:: DATA FOR THIS EXERCISE ::
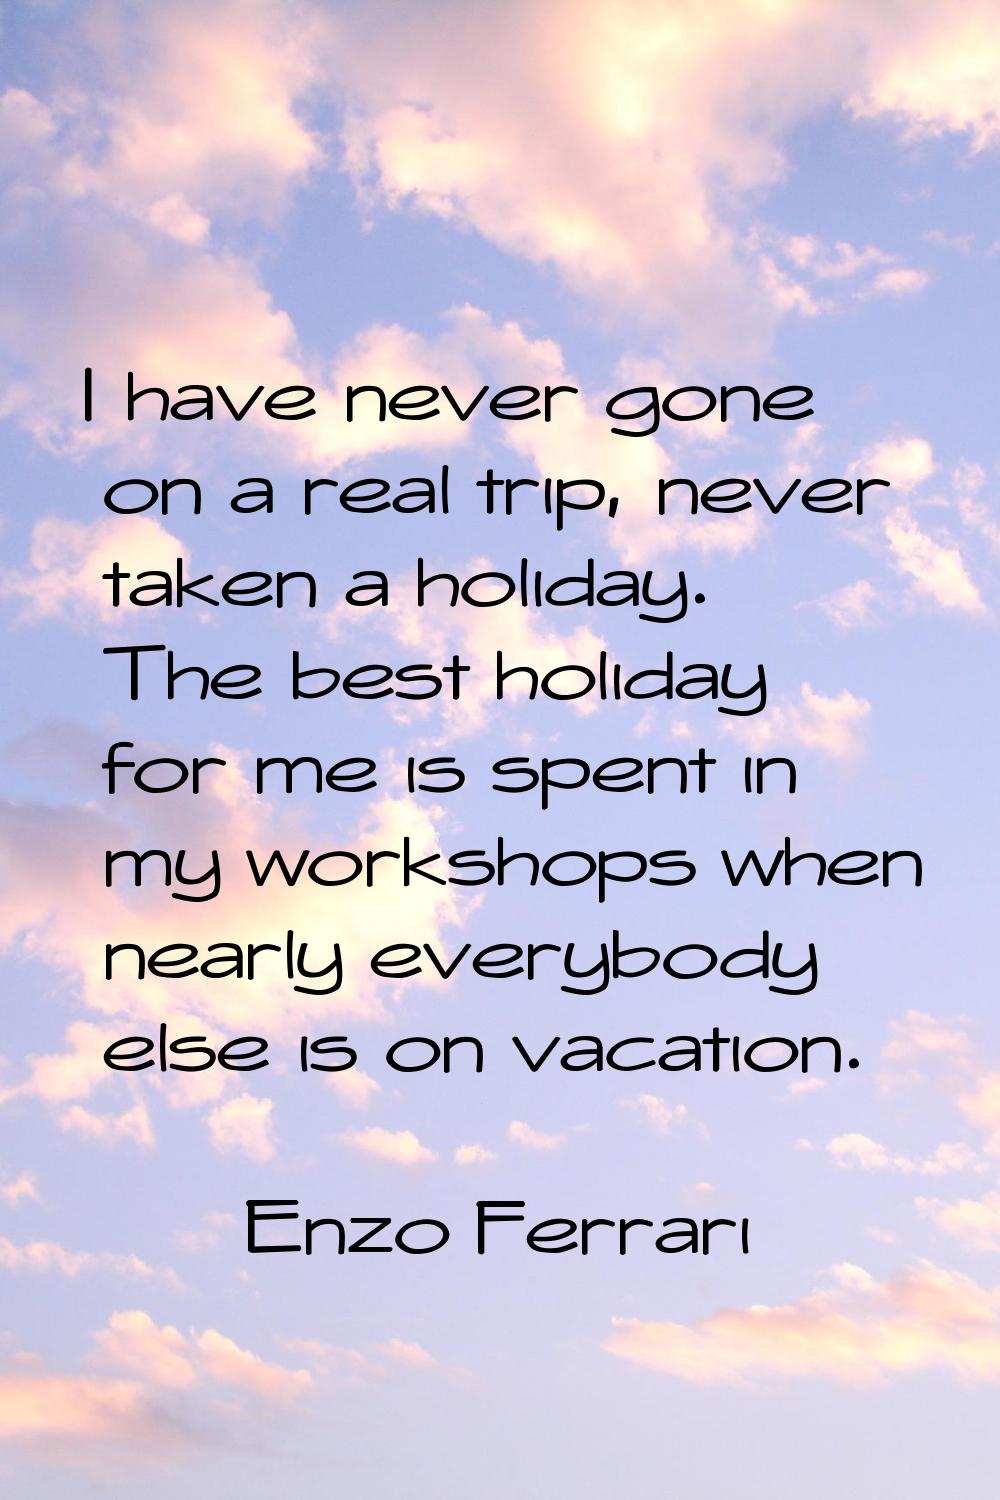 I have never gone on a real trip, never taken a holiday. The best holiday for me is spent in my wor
==
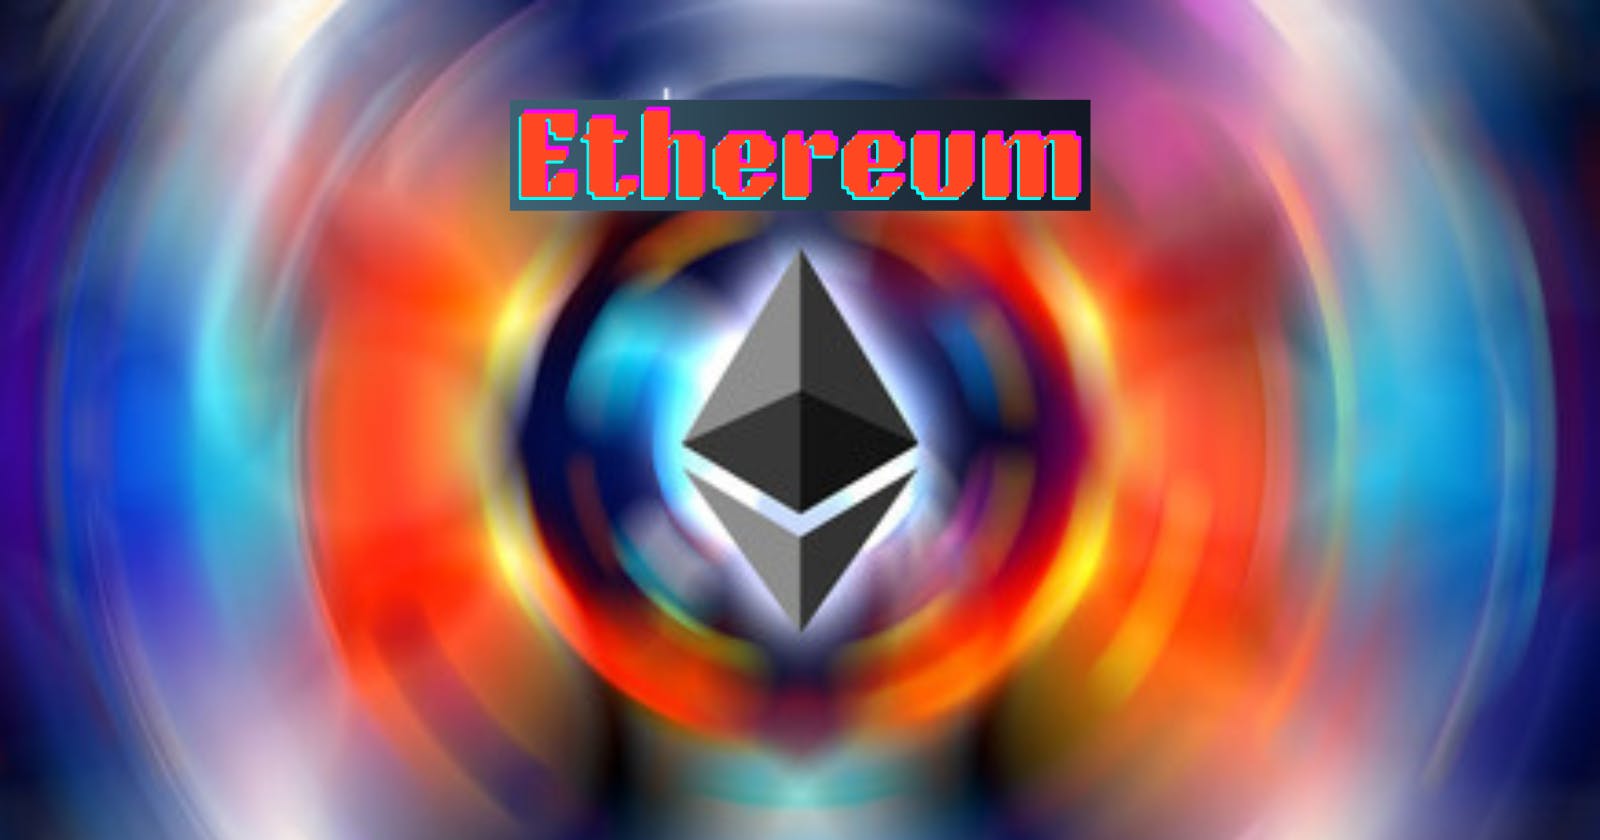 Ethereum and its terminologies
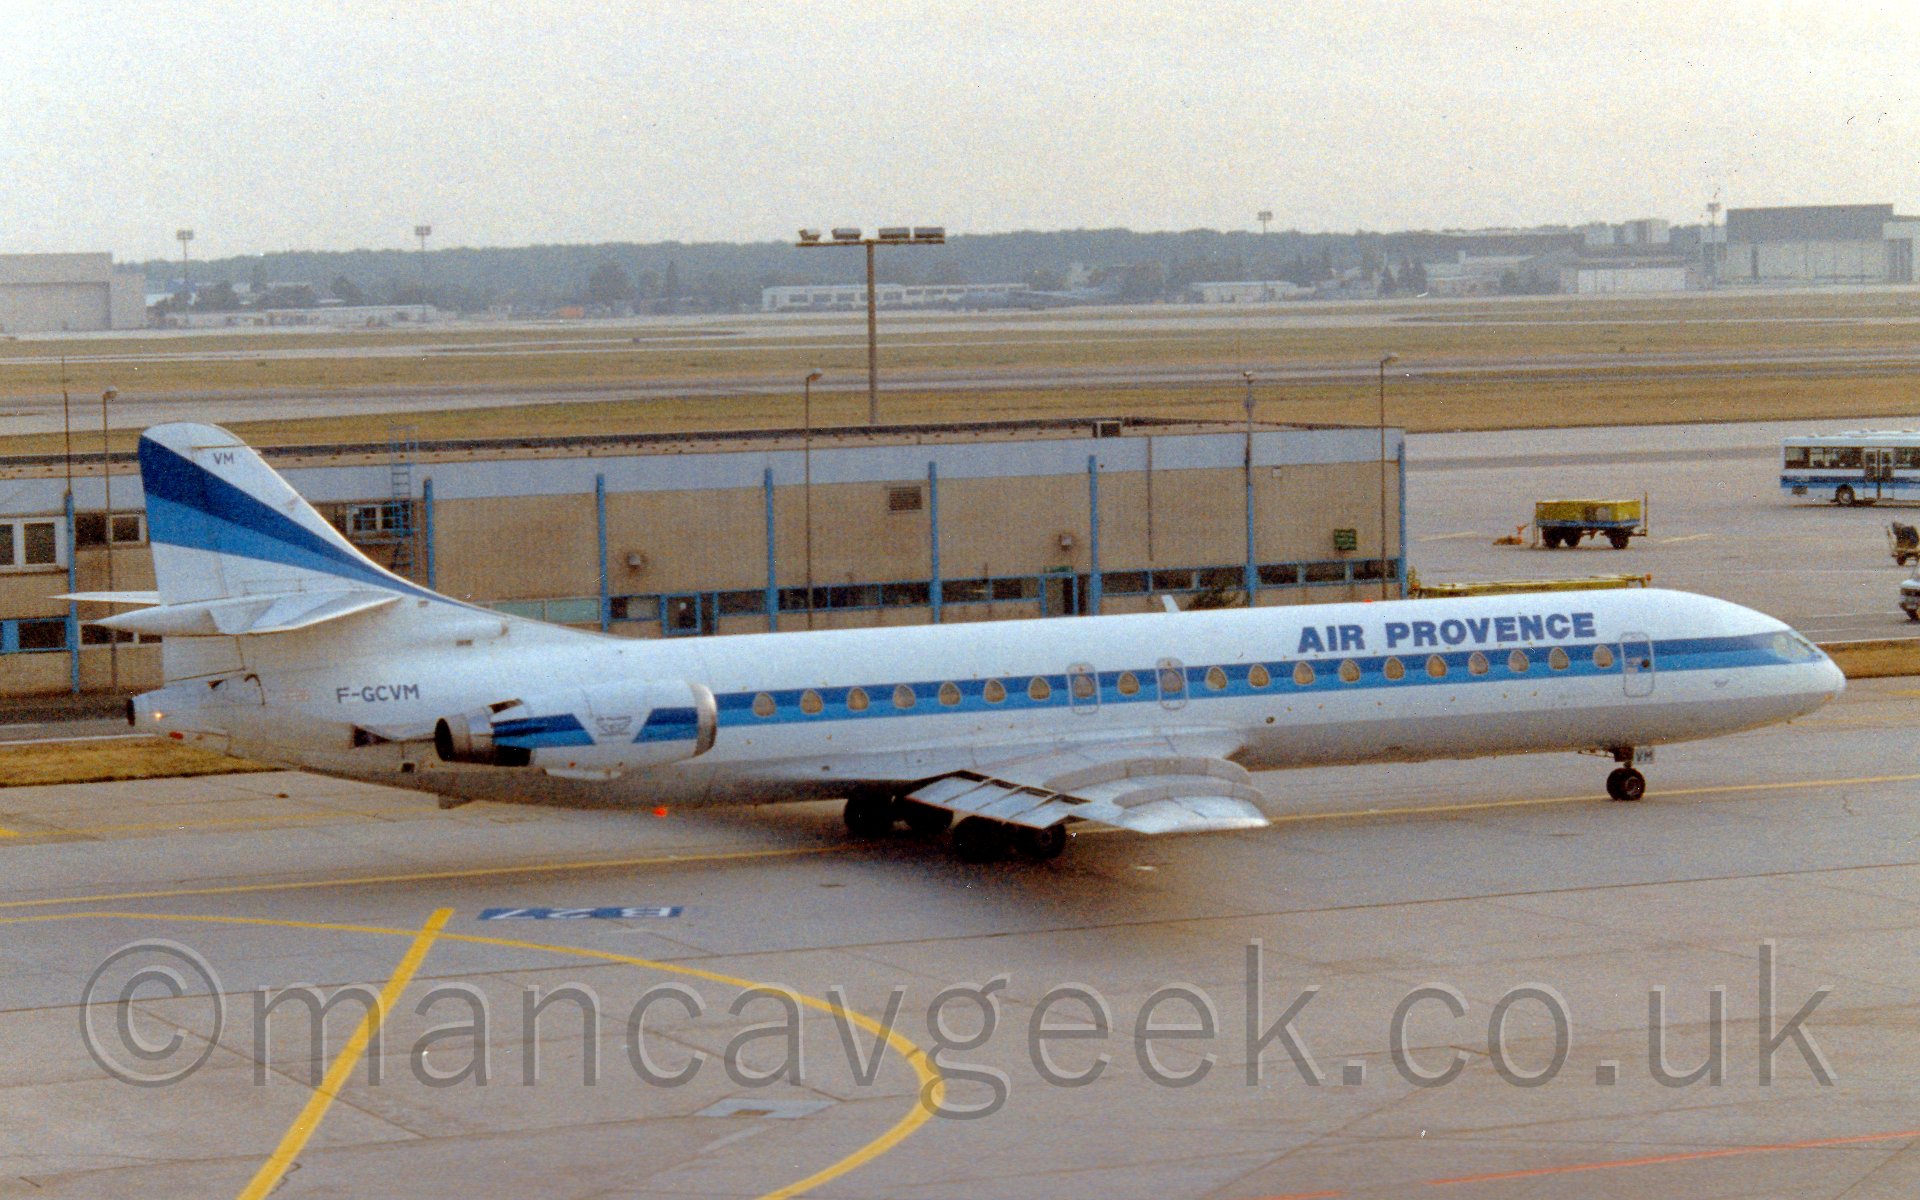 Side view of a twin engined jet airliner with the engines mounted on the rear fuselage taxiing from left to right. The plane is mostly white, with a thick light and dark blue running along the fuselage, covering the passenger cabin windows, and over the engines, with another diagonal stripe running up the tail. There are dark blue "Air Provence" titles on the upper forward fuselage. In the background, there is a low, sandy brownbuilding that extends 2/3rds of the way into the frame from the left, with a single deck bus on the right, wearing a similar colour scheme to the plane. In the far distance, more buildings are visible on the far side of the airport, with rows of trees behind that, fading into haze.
...
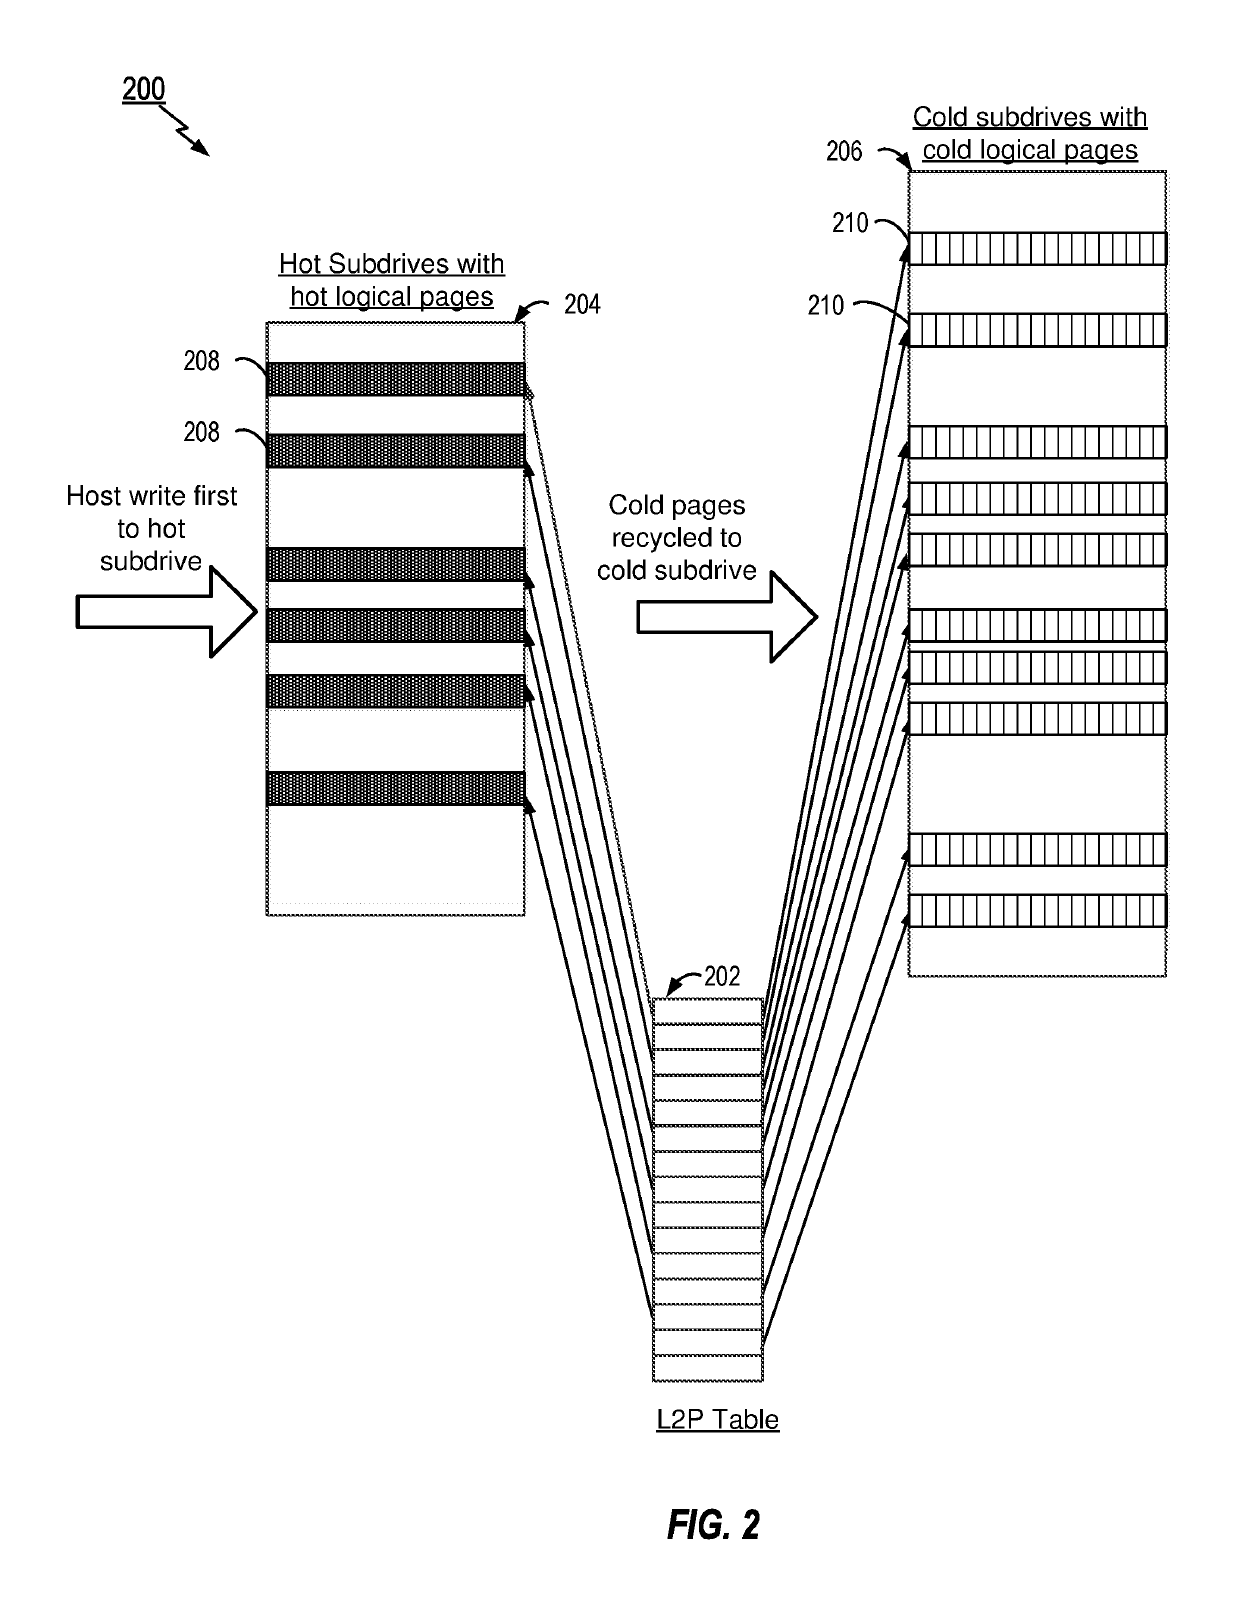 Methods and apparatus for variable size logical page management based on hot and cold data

:: WHAT THE EXERCISE ASKS ::
The response must repeat exactly the lines above from the one with "Ethereum and its terminologies" through the one with "Side view of", including both, and must contain no pictures and no other text.

:: ANSWER BOX ::
 Ethereum and its terminologies
 Side view of a twin engined jet airliner with the engines mounted on the rear fuselage taxiing from left to right. The plane is mostly white, with a thick light and dark blue running along the fuselage, covering the passenger cabin windows, and over the engines, with another diagonal stripe running up the tail. There are dark blue "Air Provence" titles on the upper forward fuselage. In the background, there is a low, sandy brownbuilding that extends 2/3rds of the way into the frame from the left, with a single deck bus on the right, wearing a similar colour scheme to the plane. In the far distance, more buildings are visible on the far side of the airport, with rows of trees behind that, fading into haze.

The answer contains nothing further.